Mean absolute error for the model was 2.7kg.

Mean absolute error for the regular Epley formula was 5.5kg.

The model was therefore 2.8kg more accurate on average in this small simulated sample.

What has the model learned about the athletes?

Code
athlete_endurance_summary <- modified_epley_model_fit |>
  spread_draws(b_logk_Intercept, r_athlete__logk[athlete, ]) |>
  mutate(endurance_parameter = exp(b_logk_Intercept + r_athlete__logk)) |>
  group_by(athlete) |>
  summarise(mean_endurance_parameter = mean(endurance_parameter)) |>
  arrange(mean_endurance_parameter)

selected_athletes <- athlete_endurance_summary |>
  slice(c(2, 15, 30)) |>
  pull(athlete)

athlete_labels <- athlete_endurance_summary |>
  filter(athlete %in% selected_athletes) |>
  mutate(
    label = paste0(
      "Athlete ",
      athlete,
      " (endurance parameter = ",
      round(mean_endurance_parameter, 0),
      ")"
    )
  )

endurance_profiles <- modified_epley_model_fit |>
  spread_draws(
    b_orm_Intercept,
    b_logk_Intercept,
    r_athlete__orm[athlete, ],
    r_athlete__logk[athlete, ]
  ) |>
  filter(athlete %in% selected_athletes) |>
  mutate(
    est_1RM = b_orm_Intercept + r_athlete__orm,
    endurance_parameter = exp(b_logk_Intercept + r_athlete__logk),
  ) |>
  crossing(reps = 1:15) |>
  mutate(pct_est_1RM = 100 / (1 + reps / endurance_parameter)) |>
  group_by(athlete, reps) |>
  median_qi(pct_est_1RM, .width = 0.8) |>
  left_join(athlete_labels, by = "athlete")
Code
logk_athlete = modified_epley_trace.posterior["logk_athlete"].values.reshape(
    -1, n_athletes
)

# Calculate mean endurance parameter for each athlete
mean_endurance = np.exp(logk_athlete.mean(axis=0))
athlete_endurance_summary = pl.DataFrame(
    {
        "athlete": athlete_codes,
        "mean_endurance_parameter": mean_endurance,
    }
).sort("mean_endurance_parameter")

# Select athletes
selected_athletes = (
    athlete_endurance_summary.row(1),
    athlete_endurance_summary.row(14),
    athlete_endurance_summary.row(29),
)
selected_athlete_ids = [row[0] for row in selected_athletes]

# Generate endurance profiles across rep range
reps_range = np.arange(1, 16)
profiles = []

for athlete_id in selected_athlete_ids:
    athlete_idx = np.where(athlete_codes == athlete_id)[0][0]

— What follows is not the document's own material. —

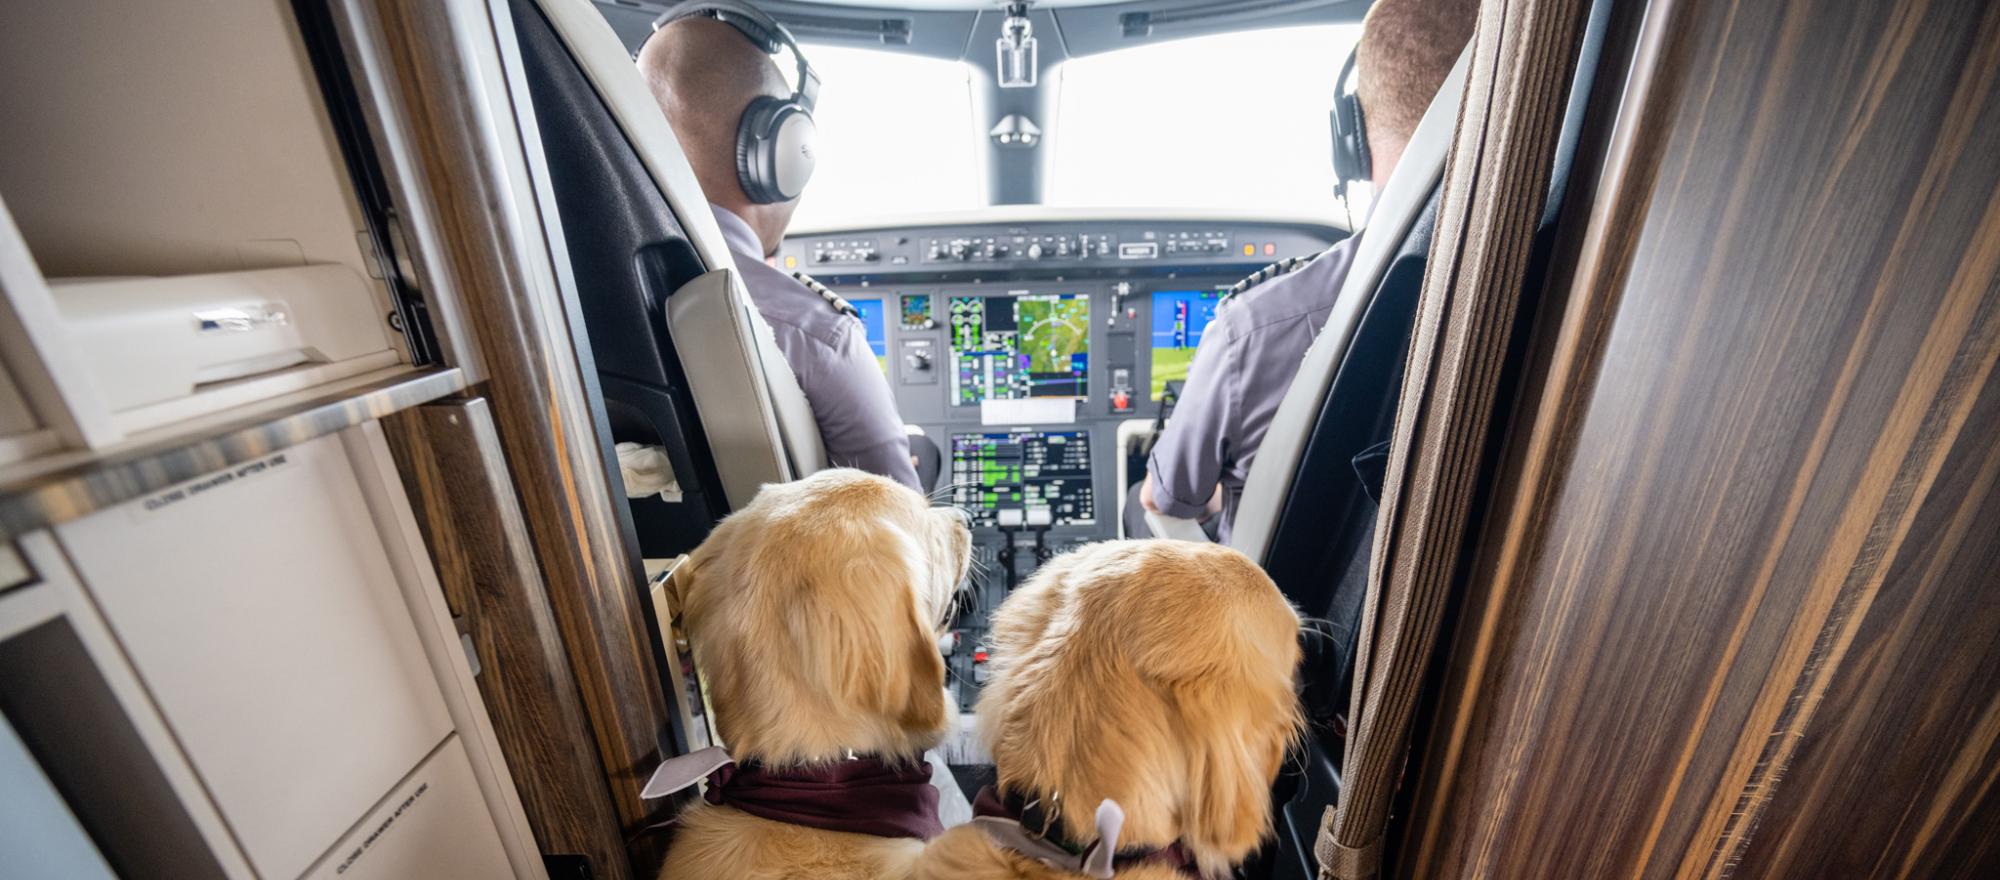 Hospital support dogs Loki and Natasha observe the pilots in the cockpit

    # Get posterior samples for this athlete
    logk_samples = logk_athlete[:, athlete_idx]
    endurance_samples = np.exp(logk_samples)
    mean_endurance_param = endurance_samples.mean()

    for reps in reps_range:
        pct_1rm_samples = 100 / (1 + reps / endurance_samples)
        profiles.append(
            {
                "athlete": athlete_id,
                "reps": reps,
                "pct_est_1RM": np.median(pct_1rm_samples),
                "lower": np.percentile(pct_1rm_samples, 10),
                "upper": np.percentile(pct_1rm_samples, 90),
                "endurance_param": round(mean_endurance_param),
            }
        )

endurance_profiles = pd.DataFrame(profiles)
endurance_profiles["label"] = endurance_profiles.apply(
    lambda row: f"Athlete {int(row['athlete'])} (endurance = {int(row['endurance_param'])})",
    axis=1,
)

To demonstrate this point, I’ll just show three athletes: one with high endurance (Athlete 12), one with low endurance (Athlete 27), and one in the middle (Athlete 16).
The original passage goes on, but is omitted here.